Task item>
Could you retype every line below exactly, omitting the images?

Collected material>

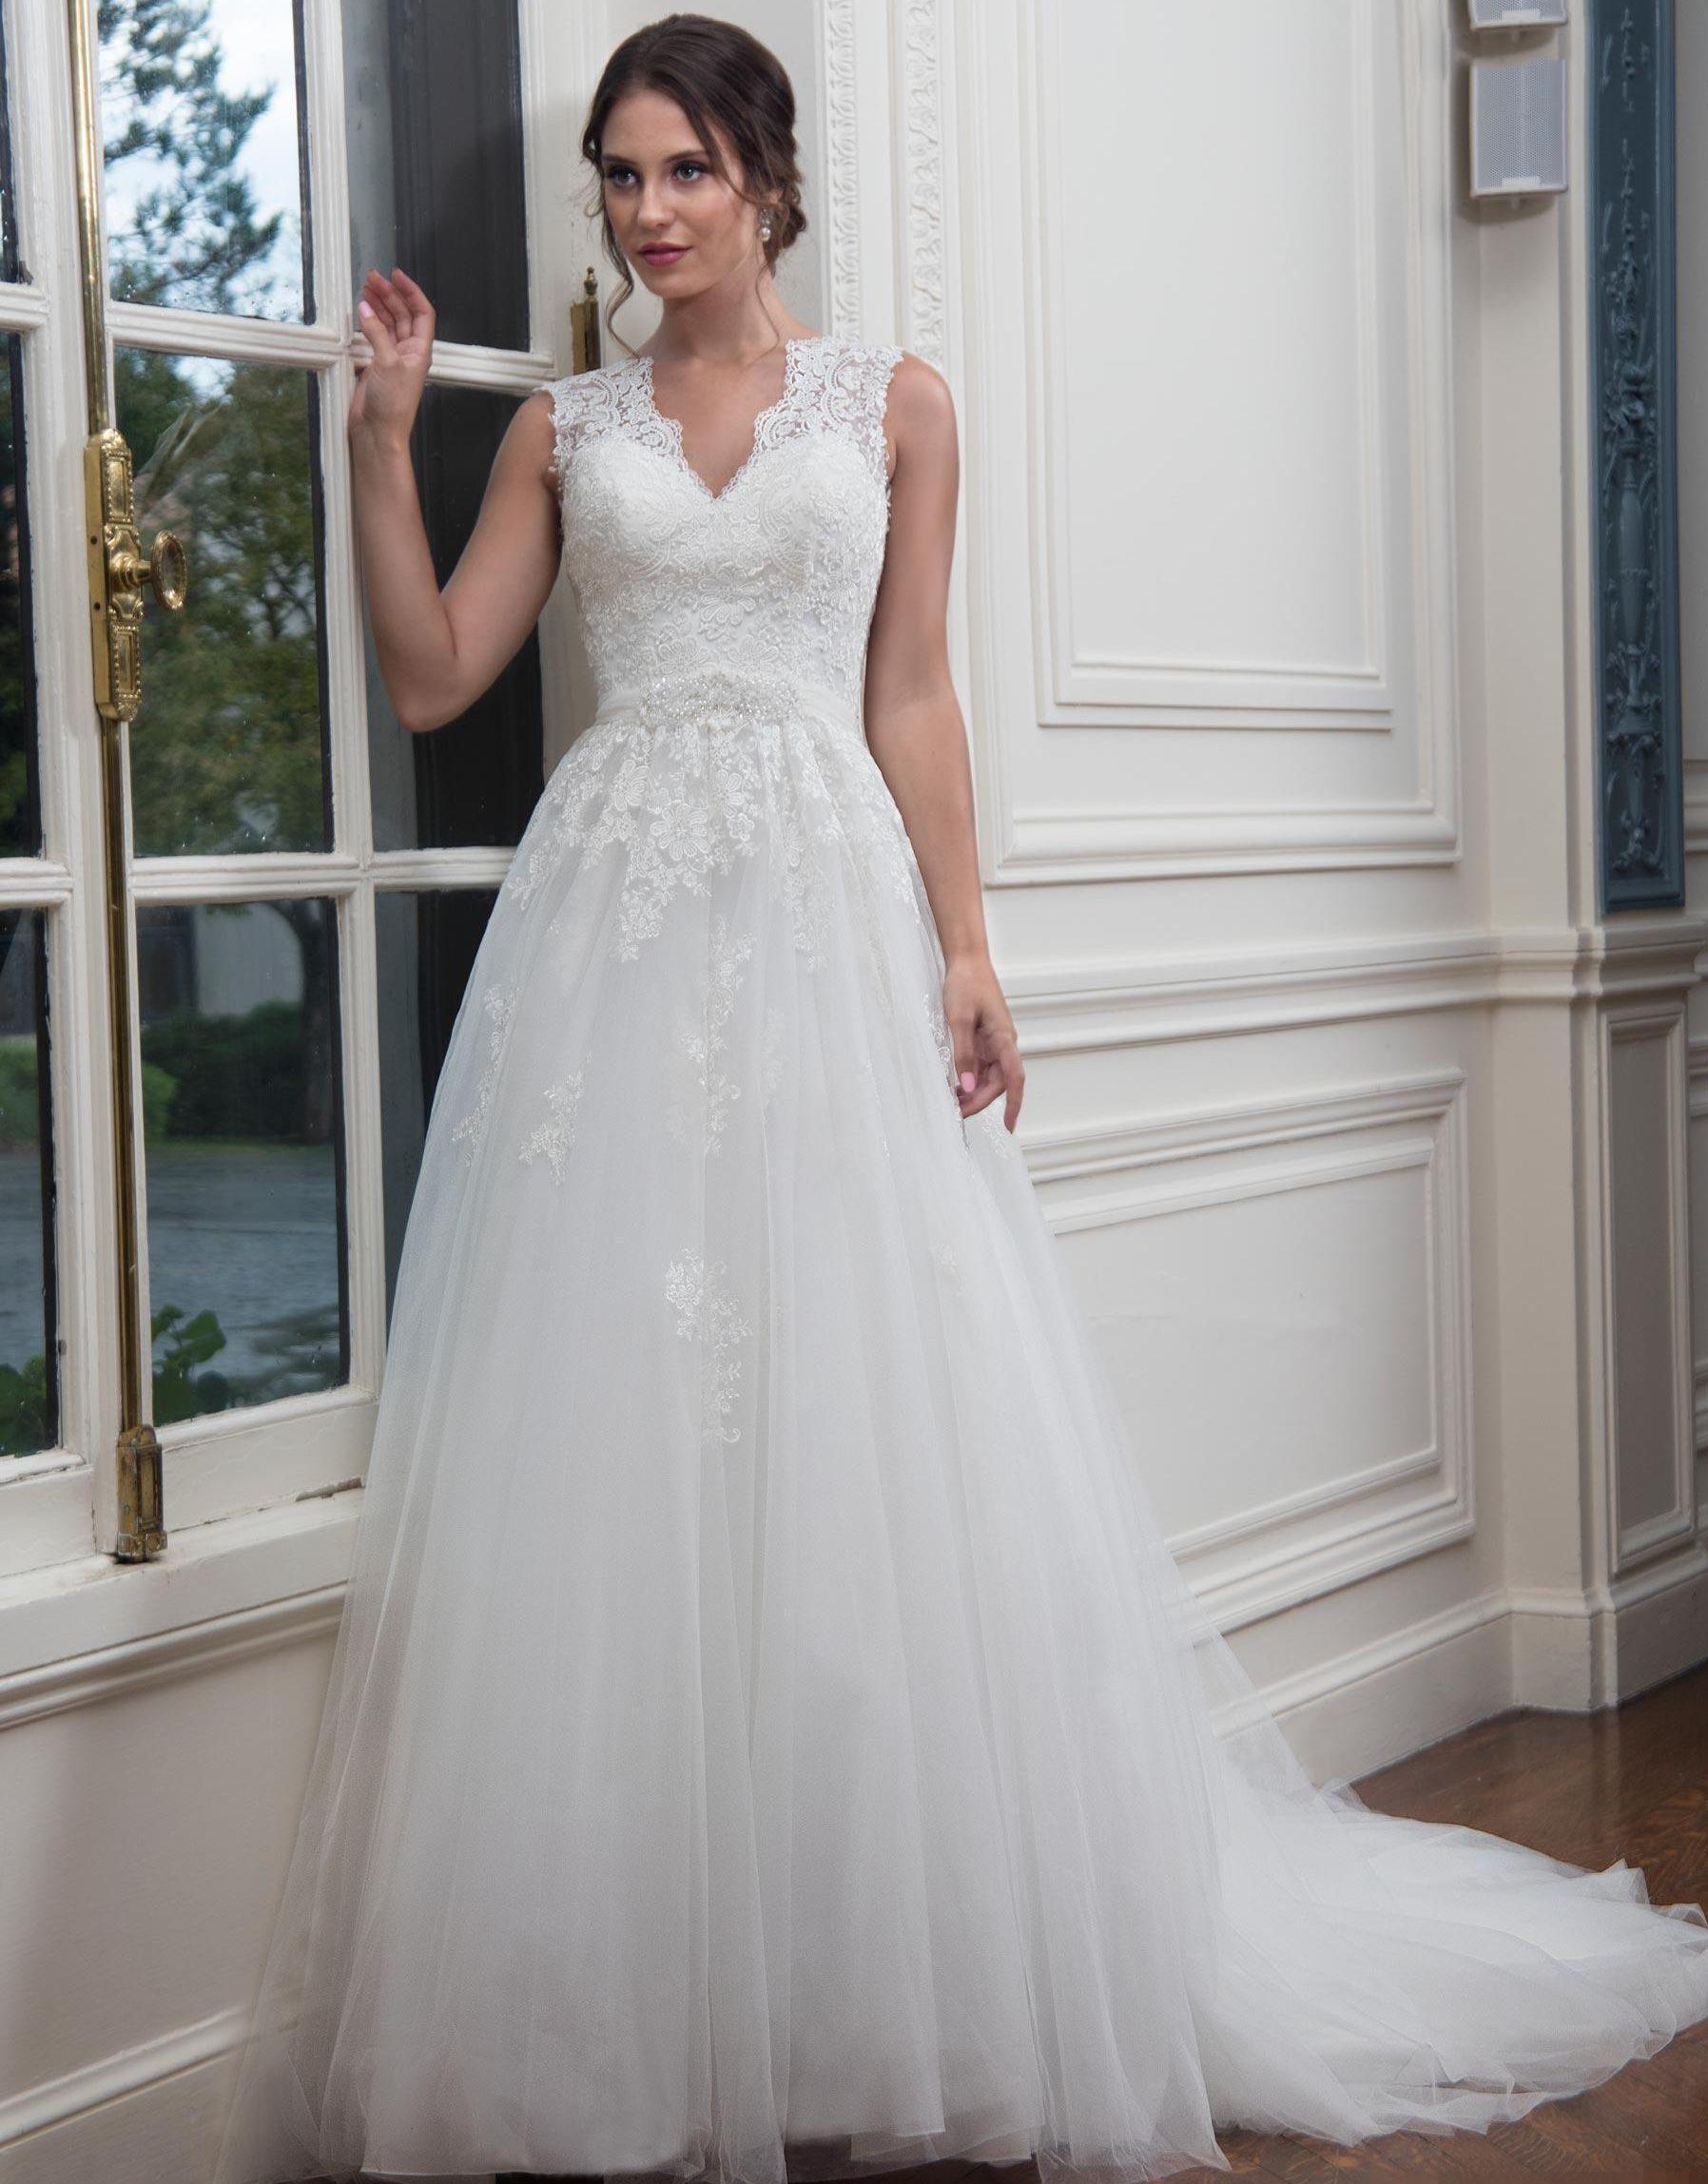 Vintage Country Wedding Dresses V Neck Appliqued A Line Tulle Bridal Gown Custom
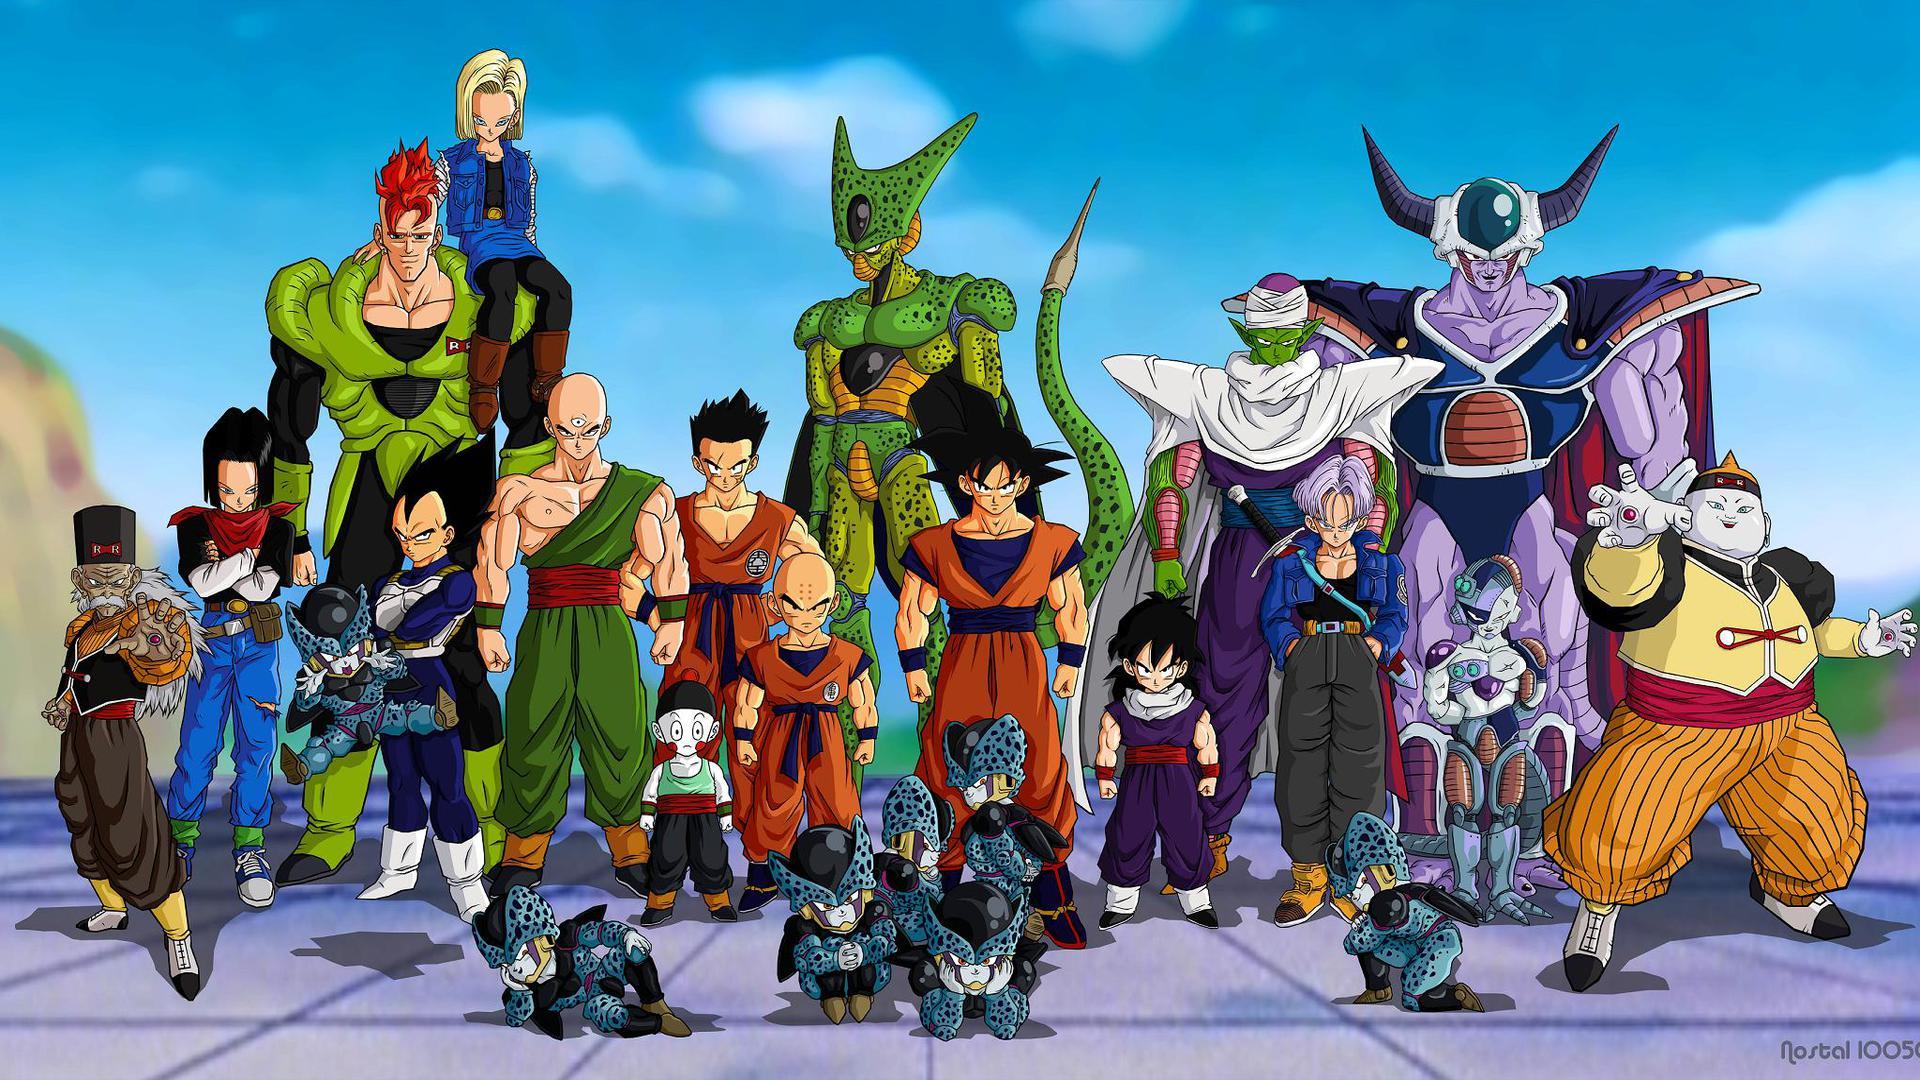 Dragon Ball Z Images HD Wallpaper of Anime   hdwallpaper2013com 1920x1080
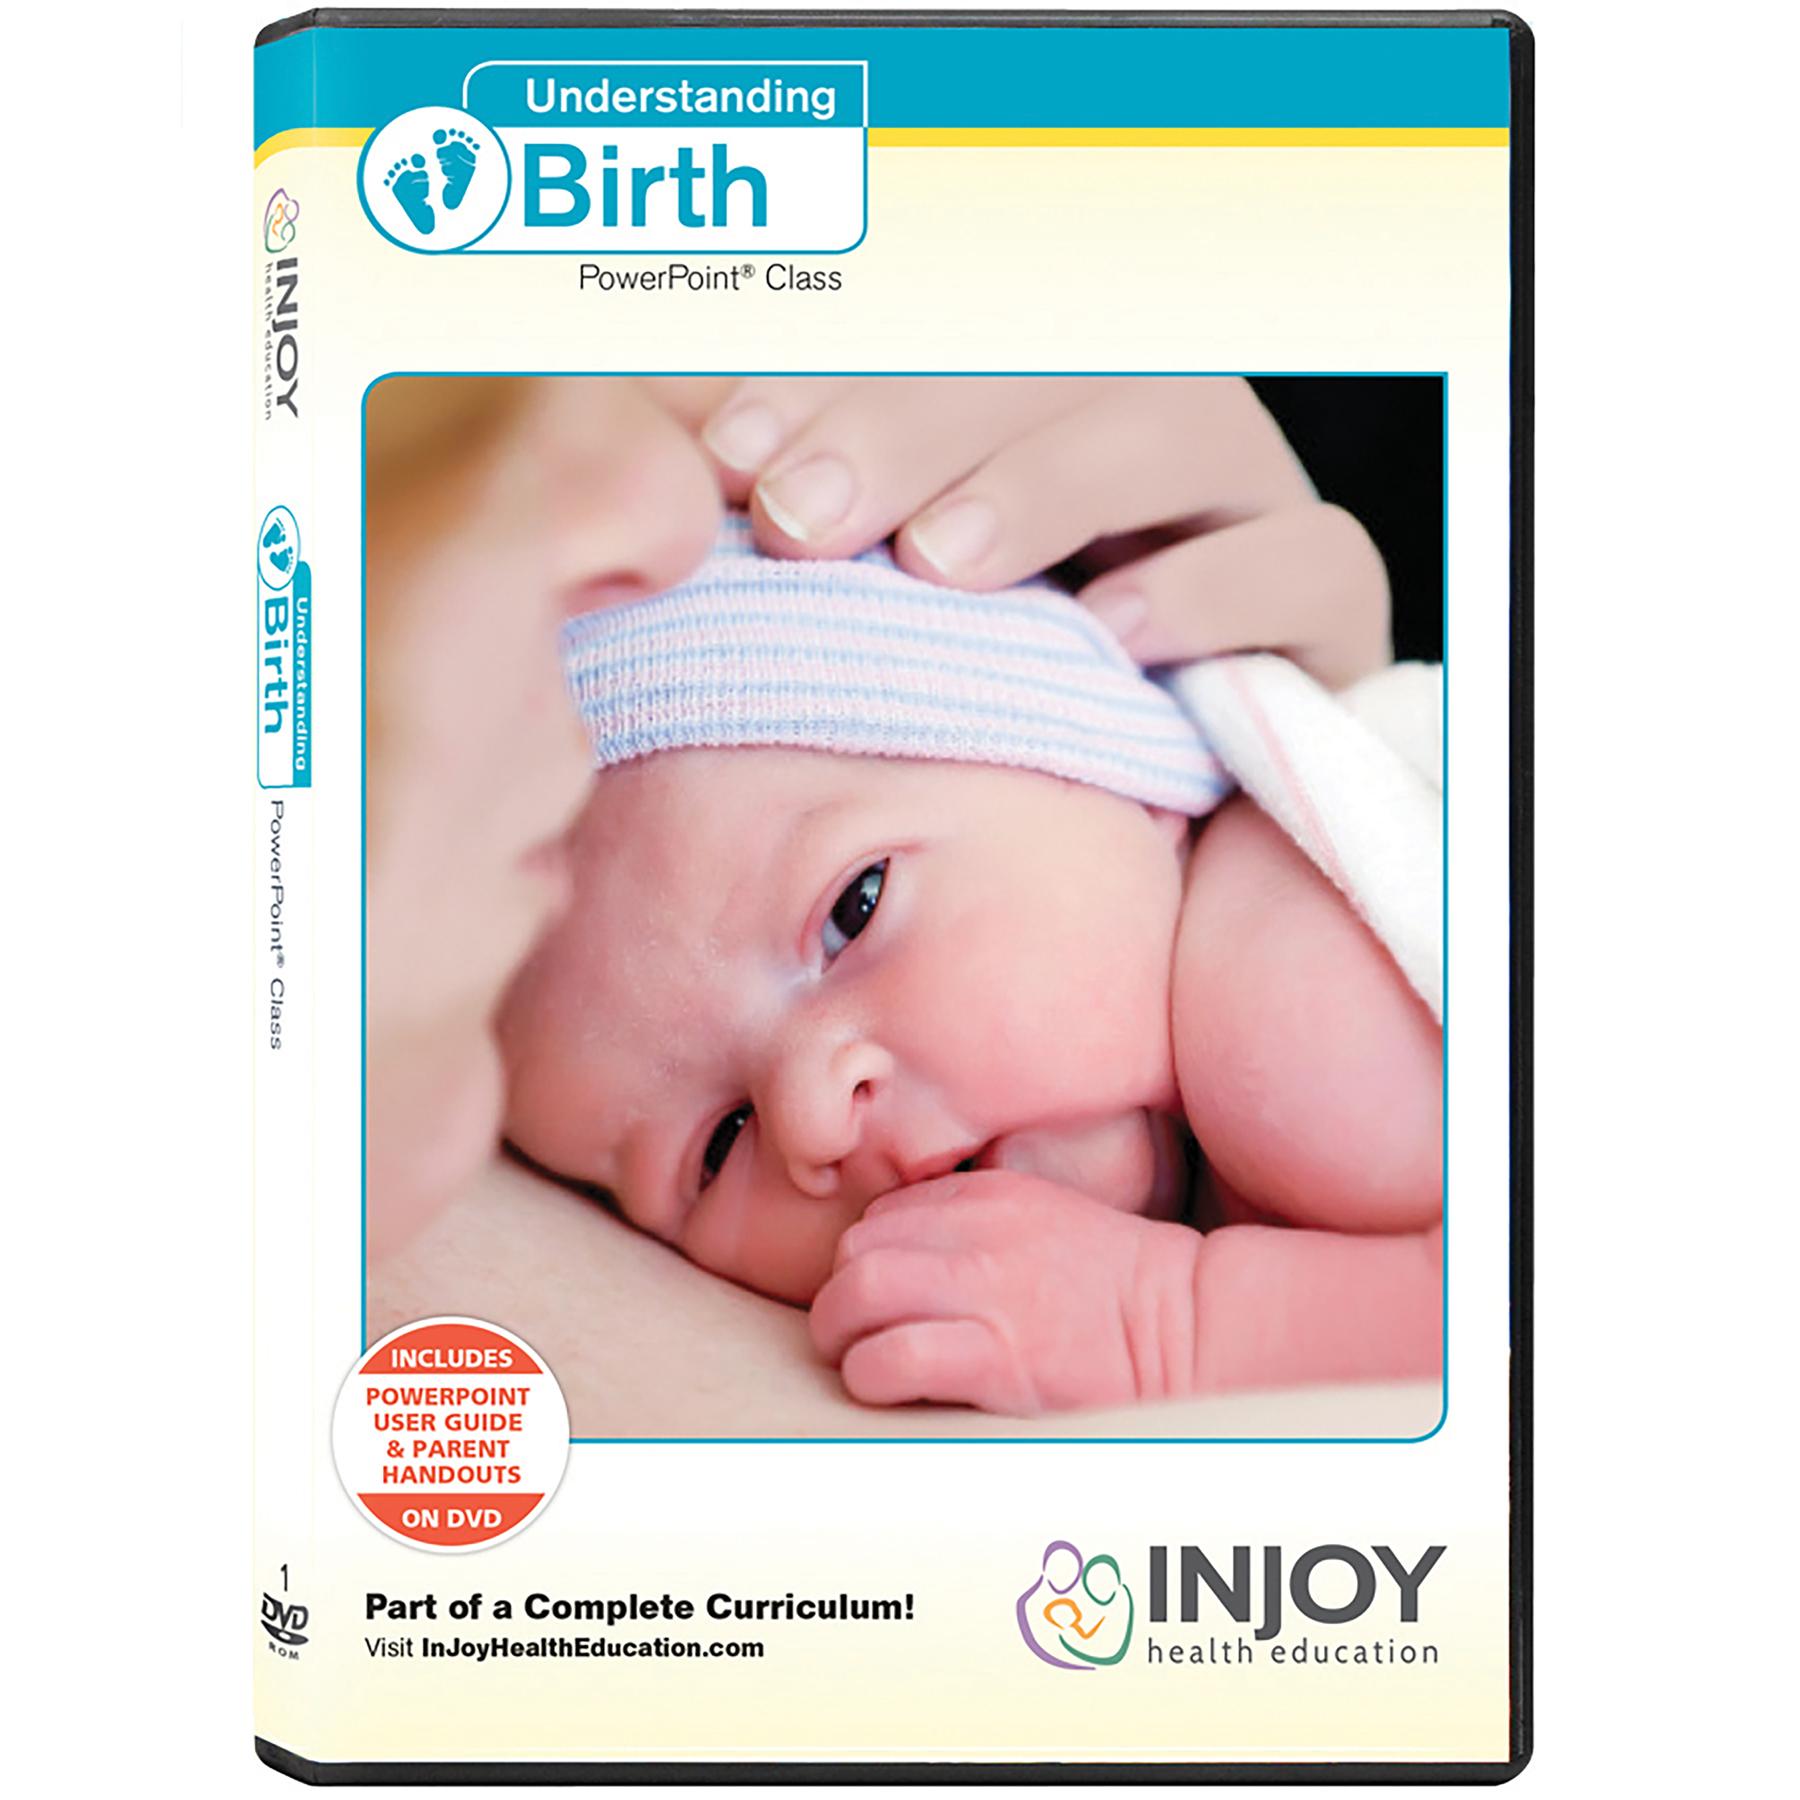 Understanding Birth PowerPoint Class DVD cover newborn striped cap skin to skin, Childbirth Graphics, 48854

Response below>
 Vintage Country Wedding Dresses V Neck Appliqued A Line Tulle Bridal Gown Custom
 Dragon Ball Z Images HD Wallpaper of Anime   hdwallpaper2013com 1920x1080
 Understanding Birth PowerPoint Class DVD cover newborn striped cap skin to skin, Childbirth Graphics, 48854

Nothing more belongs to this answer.